FIG. 5 illustrates a comparison of the performance of a multi-agent reinforcement learning-based power distribution scheme and other power distribution schemes in different test areas. The three comparison algorithms are a full power transmission strategy (MPT), an FP scheme utilizing real-time channel information, and an AA scheme all transmitting with maximum power. The network of the present invention is able to stabilize after 6w training when there are only 4 link pairs, and is even more surprising in performance. The algorithm of the invention can be about 20% better than the FP algorithm, and about 50% higher than the full-open AA algorithm. The excellent performance is shown on only four links, and the effectiveness of the algorithm is proved. It is worth emphasizing that the training of the algorithm herein is performed with 4 links varying constantly. Only such changing link locations can test whether the network of the present invention really learns to use interference data around the links to infer a real-time communication environment and make decisions. Some previous algorithms using reinforcement learning are trained under the condition that the geographical position of a link is not changed, although the training can achieve some good effect, the method has no significance in an actual communication system because the position of a link pair cannot be changed all the time, and once the position of the link pair is changed, the algorithms become invalid and need to be retrained.
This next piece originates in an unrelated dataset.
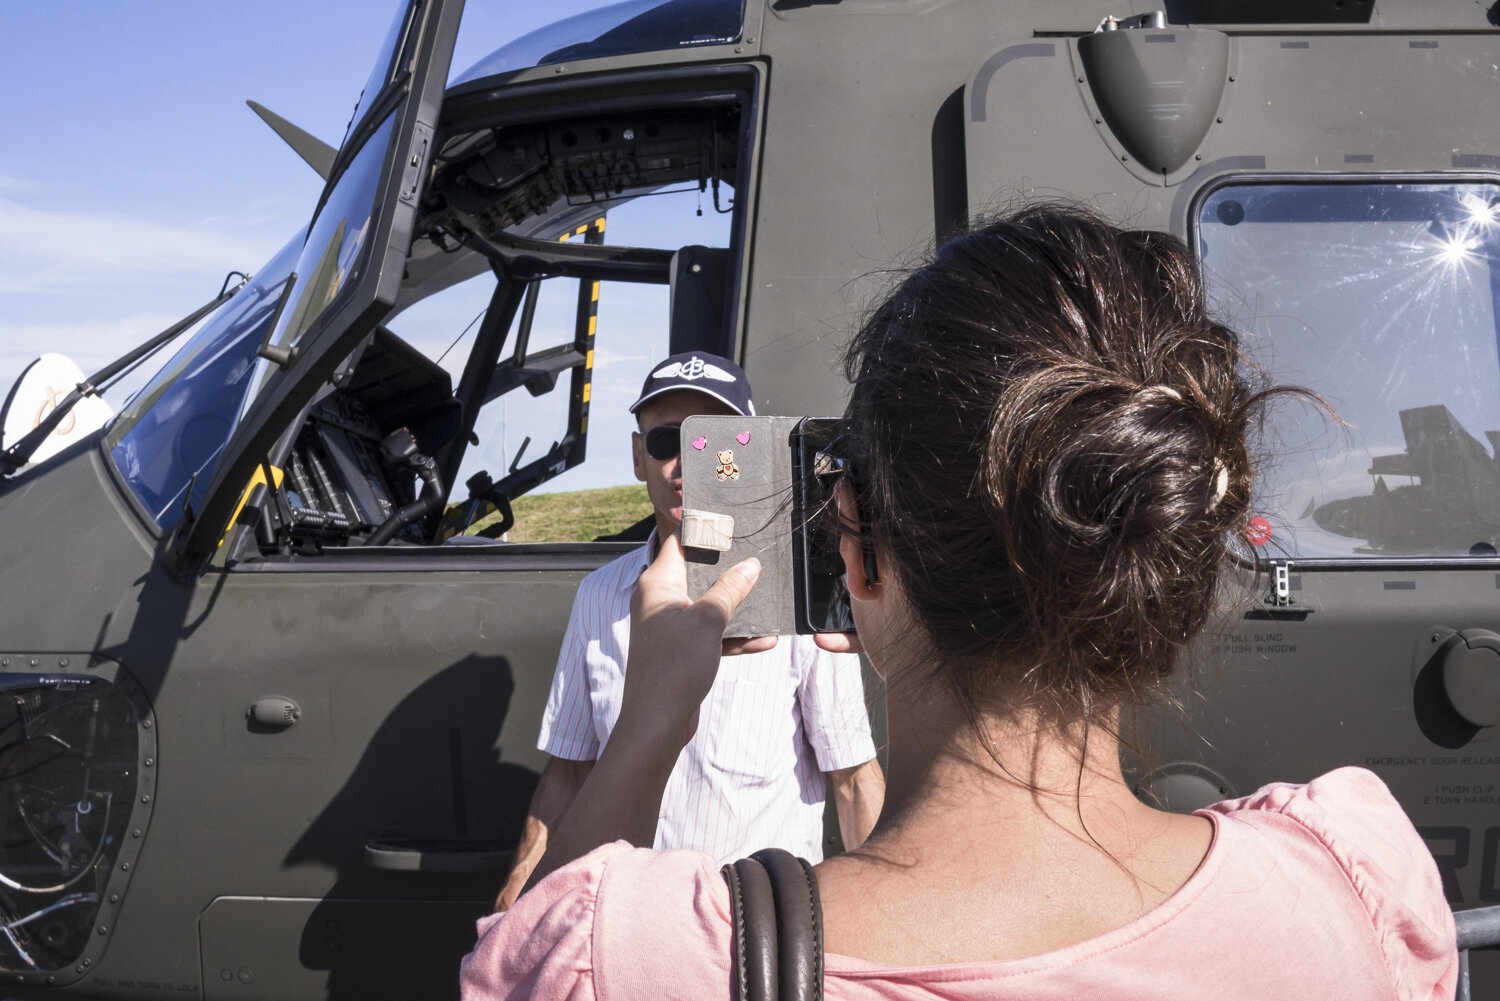 Séance photo-souvenir devant un hélicoptère de guerreSéance photo-souvenir devant un hélicoptère de guerre

The significance of the algorithm herein is that the network does not need to be retrained while the location of the link pairs is constantly changing, so that the algorithm of the present invention can remain effective at all times.
Some of the loss changes of reinforcement learning during the training process are shown below, and some details of the training of the network of the present invention are shown here by taking the agent1 as an example, so that the unsupervised framework of the algorithm of the present invention is more clear and intuitive. First, fig. 6 shows the loss function loss curve of the operator network of a link pair. It can be seen from the figure that the loss function of the actor network is increasing until 4 ten thousand steps, indicating that the performance of the network is deteriorating. After training of about 4 ten thousand steps, the network finally explores a strategy for reducing the loss function, so that the loss function of the network can be reduced all the time. And after 6 ten thousand training, the loss function of the network finally tends to be stable. Second, the penalty function for the critic network is shown in FIG. 7, where it is desirable to minimize the critic network to reduce the gap between the actual and expected Q values. Within 3 million training steps, the change in the critic loss function is irregular. The network of the present invention is continuously searching, so the randomness of the action is relatively high, and the network of the present invention is continuously searching for different strategies. Consistent with the trend of the actor network, the loss function of the critic network also tends to be stable after about 4 ten thousand training sessions.
Claims (3)
1. A power allocation method based on deep reinforcement learning in a D2D system, wherein N pairs of link pairs, namely N agents, are assumed in the D2D system, and the method comprises the following steps:
s1, each agent receives outdated channel, power information and power decision information of other links from the central controller respectively to obtain respective observation vectors;
s2, each agent independently creates a power distribution network based on deep learning and establishes an experience storage pool;
s3, based on the outdated observation vector of the previous moment obtained in the step S1, performing online decision according to the power distribution network to obtain the power distribution result of the current moment, storing the state, the action, the reward and the observation vector obtained by interaction of the intelligent agent and the environment into an experience pool, simultaneously taking out data from respective experience storage pools to train the network, updating the network parameters, and using the network with the updated network parameters when performing online decision next time.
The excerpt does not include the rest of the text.